In the study of differential equations, the characteristic equation is crucial in finding solutions to linear differential equations. Specifically, in the context of third-order differential equations like the one given, the characteristic equation is a polynomial derived from substituting derivatives with powers of a variable, typically denoted by \( r \).
To form the characteristic equation, each derivative \( y^{(n)} \) in the differential equation is replaced by \( r^n \).
For example, given the equation \( y''' - 6y'' + 2y' + y = 0 \), the characteristic equation is acquired by replacing these derivatives as:

• \( y''' \) becomes \( r^3 \)
• \( y'' \) becomes \( r^2 \)
• \( y' \) becomes \( r \)
• \( y \) becomes \( 1 \)

Therefore, the characteristic equation is \( r^3 - 6r^2 + 2r + 1 = 0 \). Solving this equation helps find the roots, which are essential in constructing the general solution to the differential equation.

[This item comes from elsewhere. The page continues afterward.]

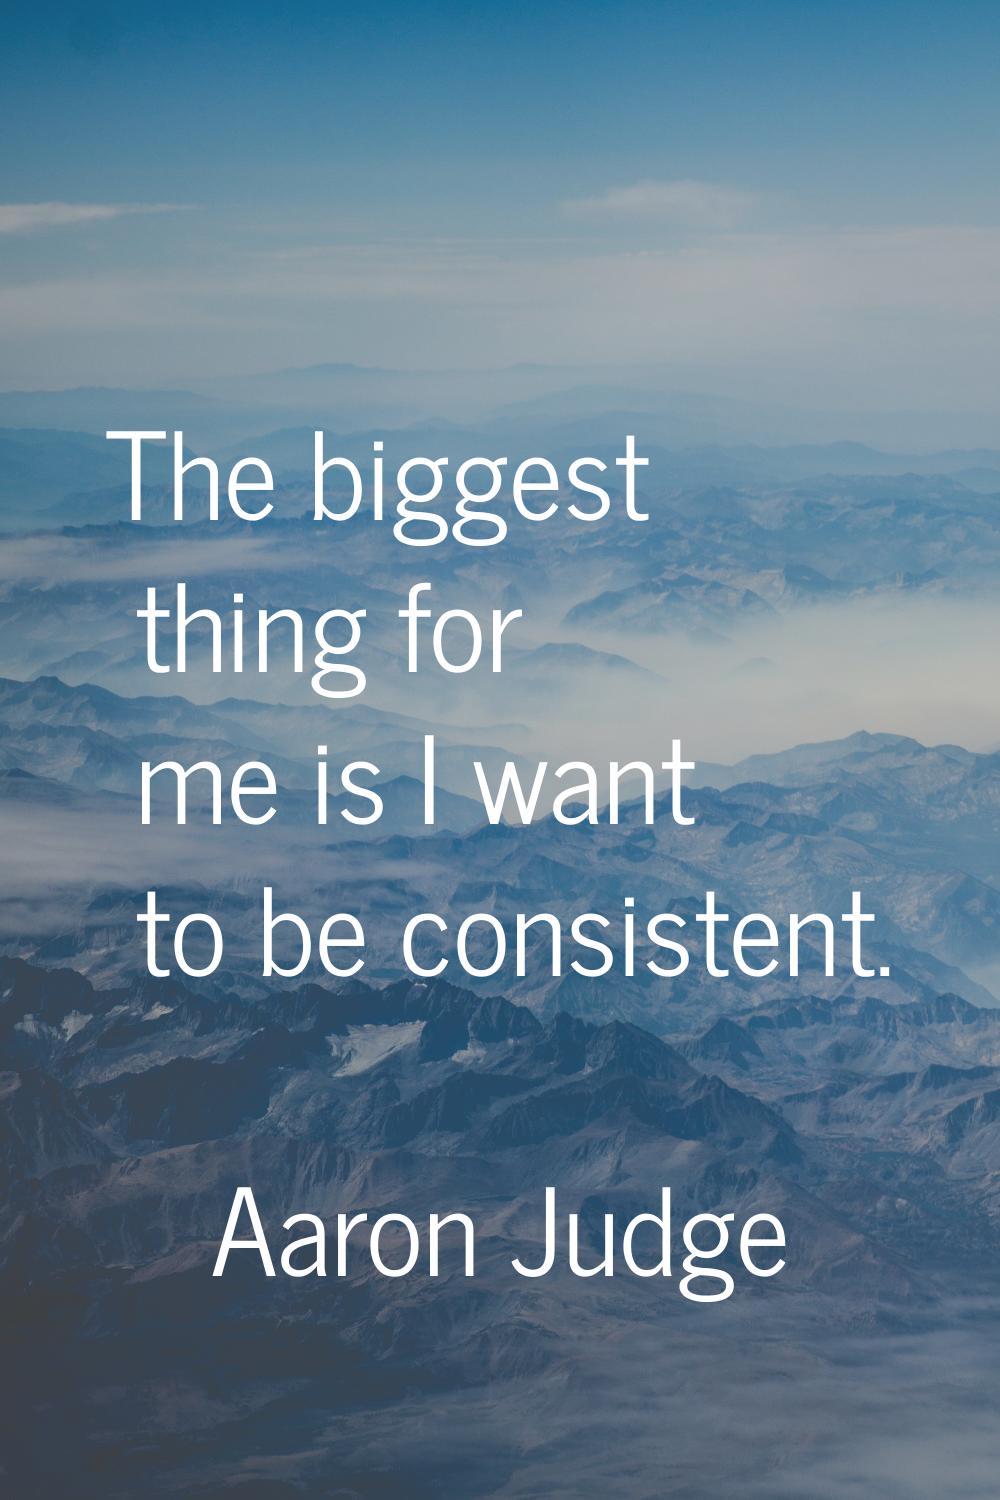 The biggest thing for me is I want to be consistent.

Computer Algebra Systems (CAS) are powerful tools used in handling complex computations, especially in solving differential equations. They simplify and expedite the solving process, which might otherwise be cumbersome by hand. When you use a CAS, it acts as an analytical companion, allowing you to focus on understanding the solution process and implications instead of just arithmetic.
Using CAS for our equation begins by inputting the differential equation \( y''' - 6y'' + 2y' + y = 0 \) to directly get the characteristic equation, \( r^3 - 6r^2 + 2r + 1 = 0 \).
After obtaining the characteristic polynomial, the CAS performs complex factorization calculations, quickly providing us with the roots \( r_1 = 1 \), \( r_2 = 2 \), and \( r_3 = 3 \).
By using a CAS, students can verify their hand-done computations, explore different solution methods, and gain deeper insights into the nature of differential equations.

Finding the general solution of a third-order differential equation requires determining the equation's roots from its characteristic polynomial. The nature of these roots—real and distinct, repeated, or complex—affects the form of the solution.
For the given differential equation, the roots were found to be real and distinct: \( r_1 = 1 \), \( r_2 = 2 \), and \( r_3 = 3 \).
This results in the following form for the general solution:

• Each root corresponds to an exponential term \( e^{r_i t} \).
• Thus, the solution structure is \( y(t) = C_1 e^{r_1 t} + C_2 e^{r_2 t} + C_3 e^{r_3 t} \).

Substituting the found roots, we derive: \( y(t) = C_1 e^t + C_2 e^{2t} + C_3 e^{3t} \), where \( C_1, C_2, \) and \( C_3 \) are arbitrary constants determined by initial or boundary conditions, conveying how the system behaves over time.